Los patos ideales para esta receta son alimentados cuatro veces al día sólo con cereales y tienen, a lo más, dos o tres meses de nacidos cuando son sacrificados. La preparación comienza días antes del servicio con inyecciones de aire entre la piel y la grasa alrededor de la carne, para luego pasar al animal por agua hirviendo y colgarlo para bañarlo en un caldo espeso de azúcar y especias por 24 horas. Al final es rostizado entero, colgado, en un horno cerrado. En los buenos restaurantes de Beijing es necesario reservar el plato cuando menos con un día de antelación, aunque los menos previsores siempre pueden optar por el Burger King que, sólo en China, sirve una hamburguesa de pollo a la pato Pekín: pollo frito cubierto con una salsa ahumada que imita el sabor del pato original, y que representa una de las piezas de comida rápida más vendidas en el país.

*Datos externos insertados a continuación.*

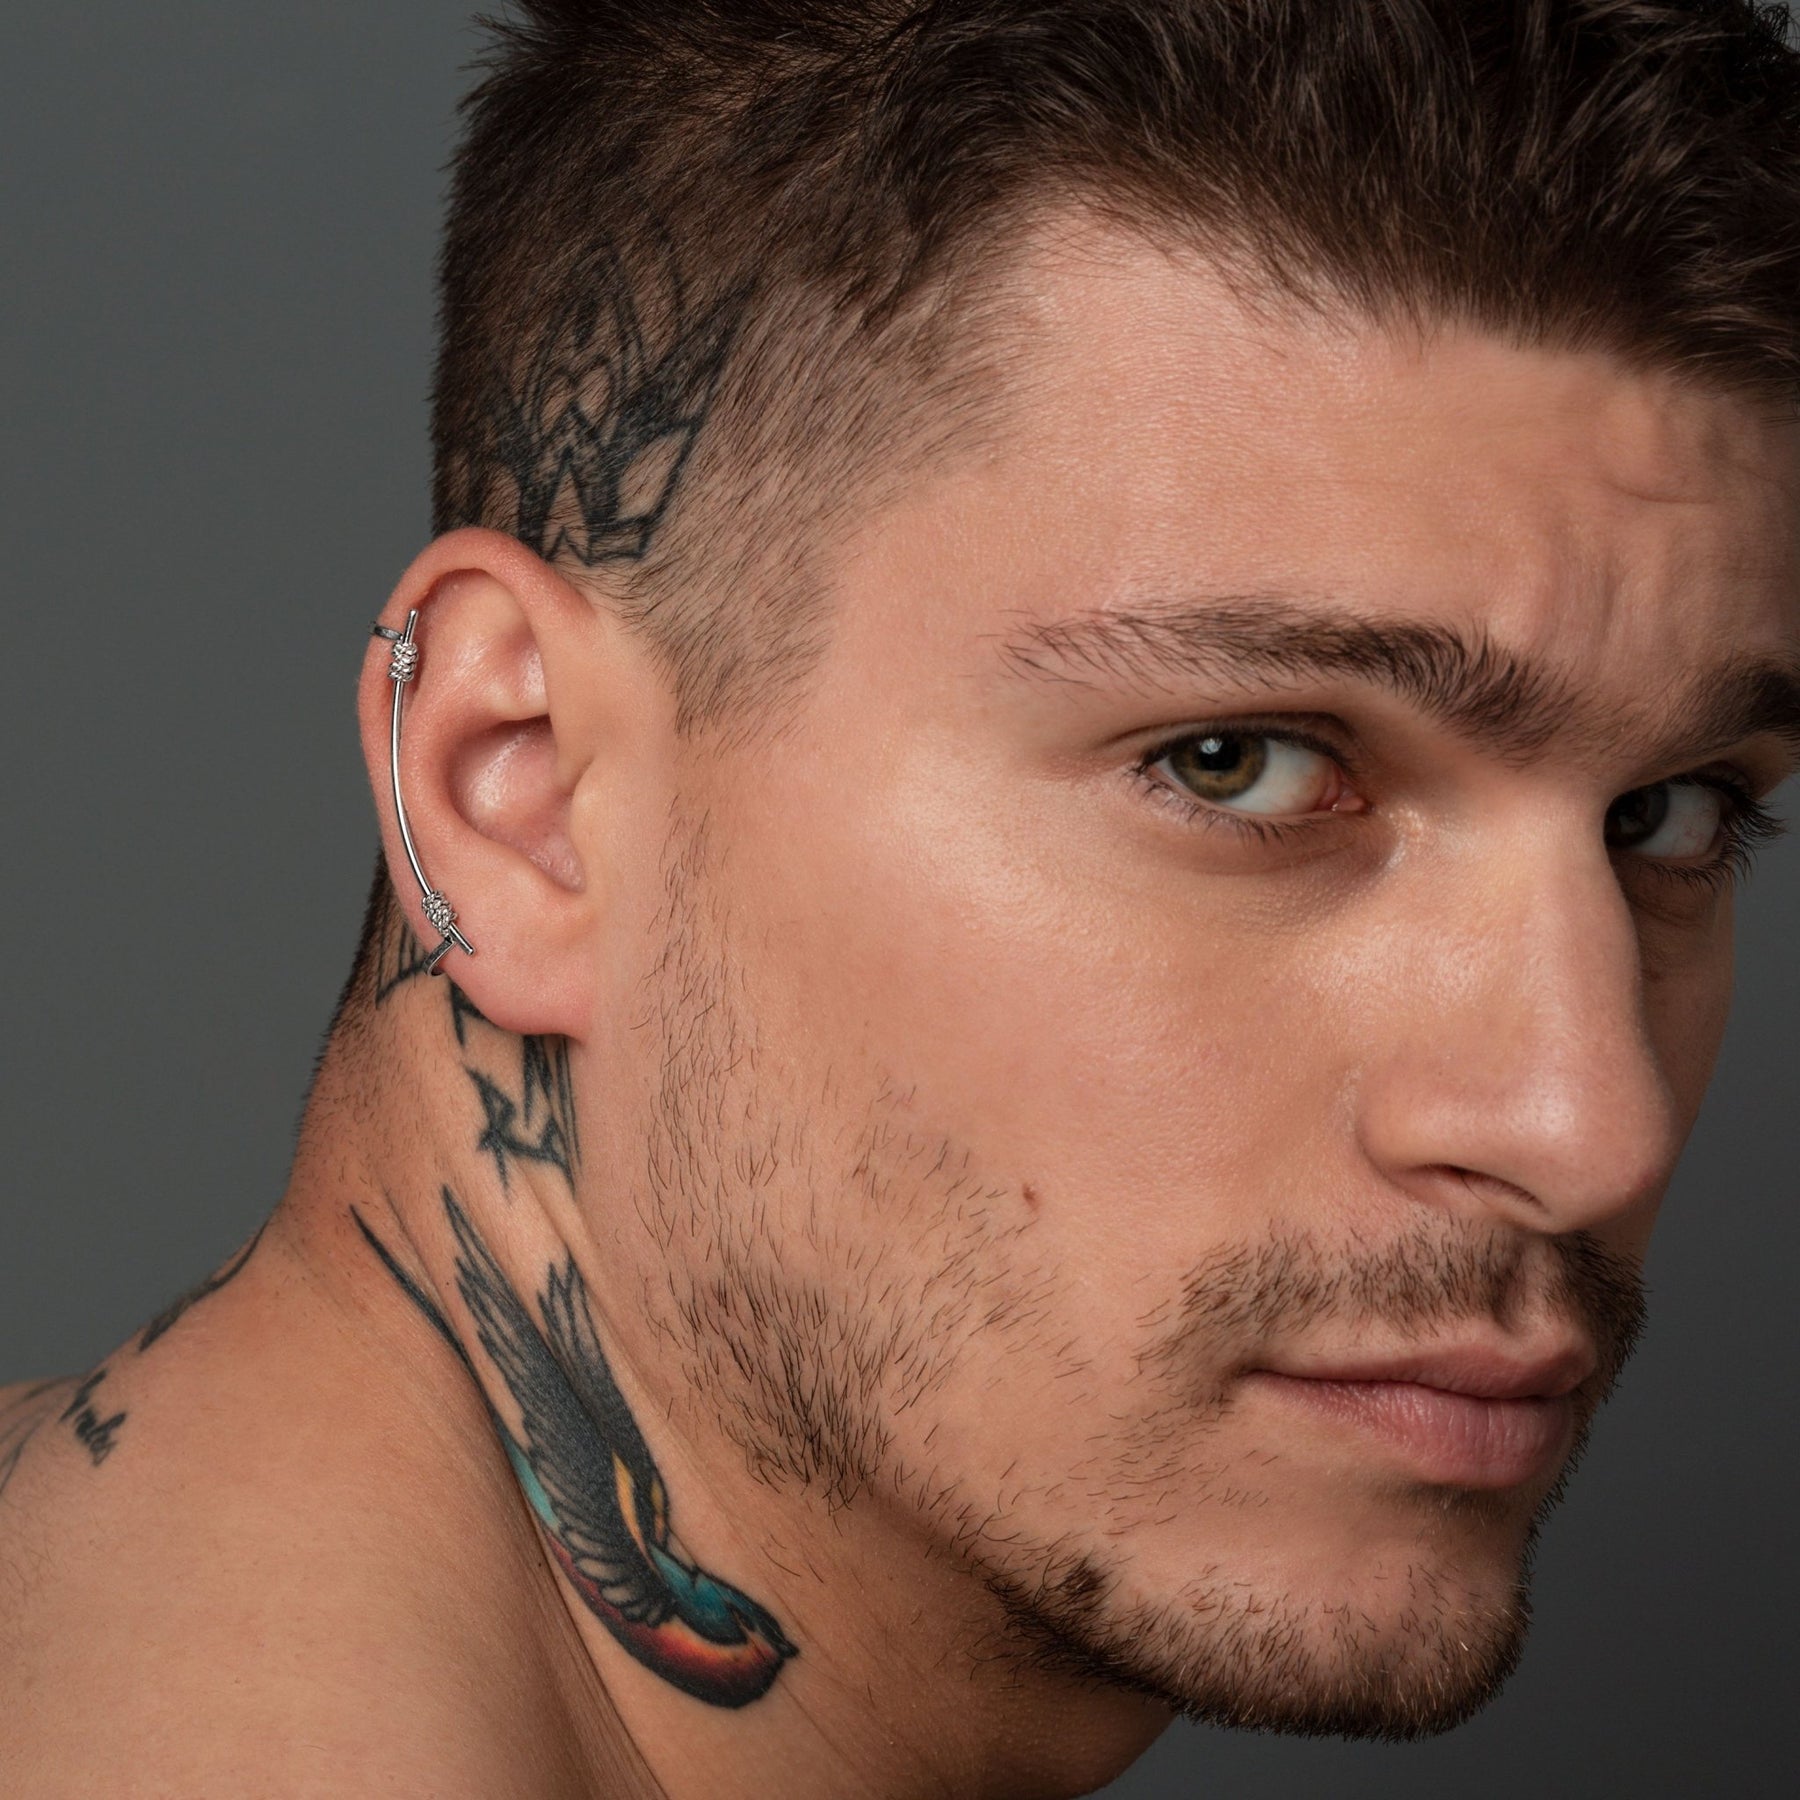 On what type of men do earrings look good on? - Quora

Graduarse de una universidad de prestigio, en China, asegura un empleo bien pagado y con prestaciones envidiables en el sector público. La escuela va por cuenta del Estado hasta la preparatoria; después, las mejores universidades cuestan cerca de mil dólares al año. Pero hay que lograr una admisión no sólo rigurosa sino blindada a la endémica corrupción que permea al país: en las colonias prósperas anidan, sobre los techos, enjambres de antenas parabólicas que permiten ver la televisión satelital internacional, asunto vedado por una censura gubernamental que considera delito conectarse a Facebook. Al preguntarle al guía al respecto, éste sonríe y contesta: “bueno, mientras no se importune de otras maneras al Partido, las leyes en China son realmente sugerencias”.

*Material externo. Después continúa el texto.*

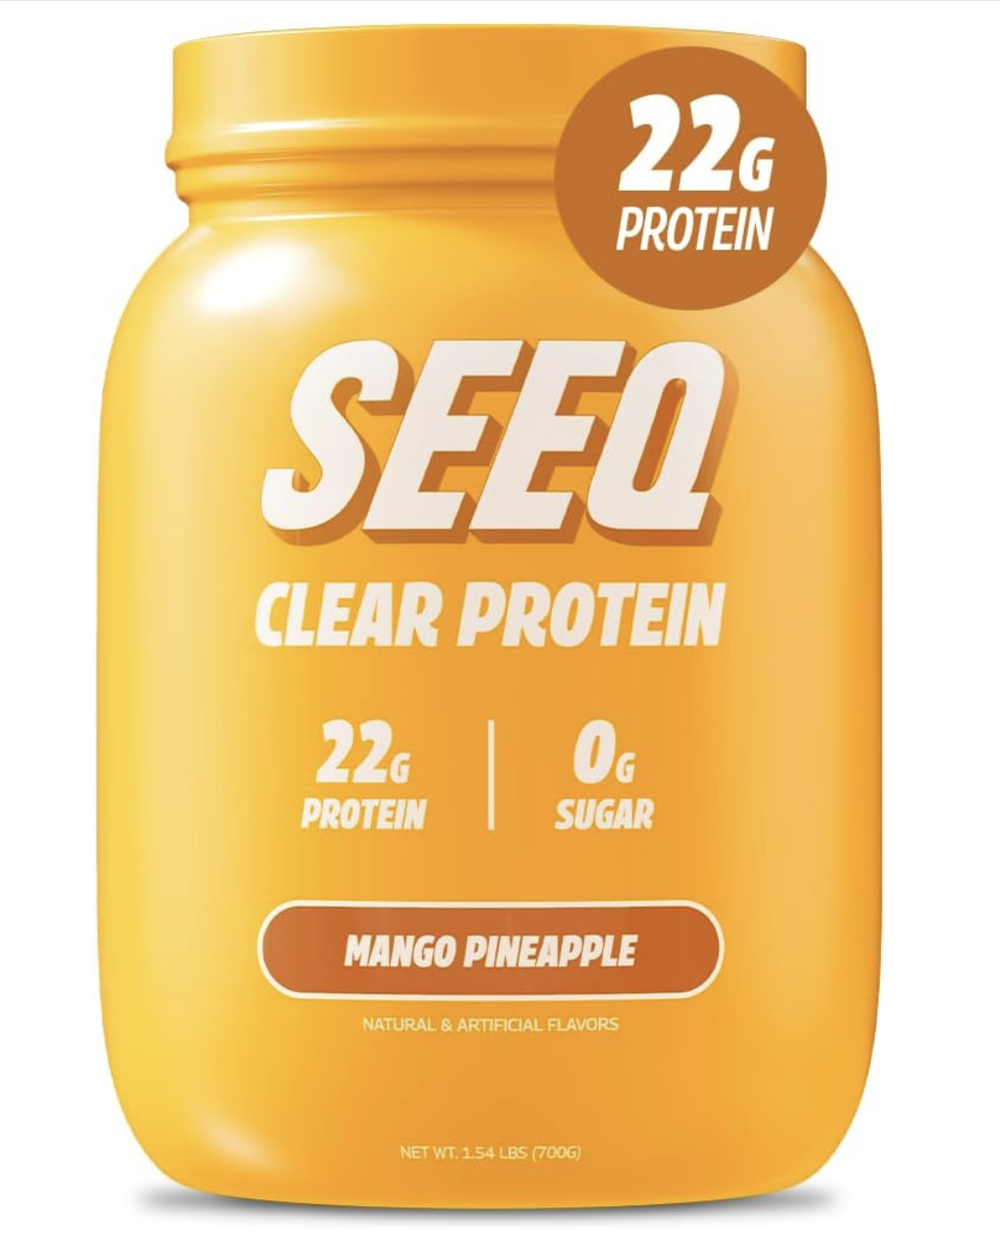 Seeq Clear Protein Powder

Cuando preguntamos si es posible comprar la aprobación de los exámenes escolares, la respuesta es un enfático no. ¿Qué hacen los padres ricos cuando sus vástagos reprueban? Muy fácil: mandan al crío a sacar su diploma en alguna universidad del extranjero. Pero la gran mayoría de los chinos no son ricos y, para los hijos del pequeño comerciante, del obrero o del campesino, la ruta al éxito pasa por el buen desempeño académico. La competencia es feroz: en las zonas rurales el horario de las preparatorias es de siete de la mañana a 10 de la noche y el último año no hay vacaciones o fines de semana. La condescendencia ante cualquier desventaja cultural o económica es inexistente; en la provincia de Hubei los chicos tienen la costumbre, los días previos a las pruebas finales, de conectarse la vena a bolsas llenas de vitaminas, glucosa y minerales para evitar perder el tiempo en comer. Las autoridades escolares permiten la práctica en los salones de estudio de sus facultades: no hay por qué impedirlo si los muchachos no se causan un daño permanente, dicen.

Cada verano poco más de nueve millones de adolescentes son evaluados a lo largo de dos días. Sólo un 30% pasa la prueba. En 2011, en la provincia de Longhui, un estudiante de nombre Liu Pin llegó 15 minutos tarde a la primera sesión y le fue negada la entrada. Subió al techo del dormitorio más cercano y, desde una altura de seis pisos, se aventó al pavimento y a la muerte. Cuando la familia, buscando explicaciones, levantó el cuerpo y lo llevó en brazos hasta la entrada de la escuela, fue dispersada a golpes por la policía por alterar el orden en temporada de exámenes.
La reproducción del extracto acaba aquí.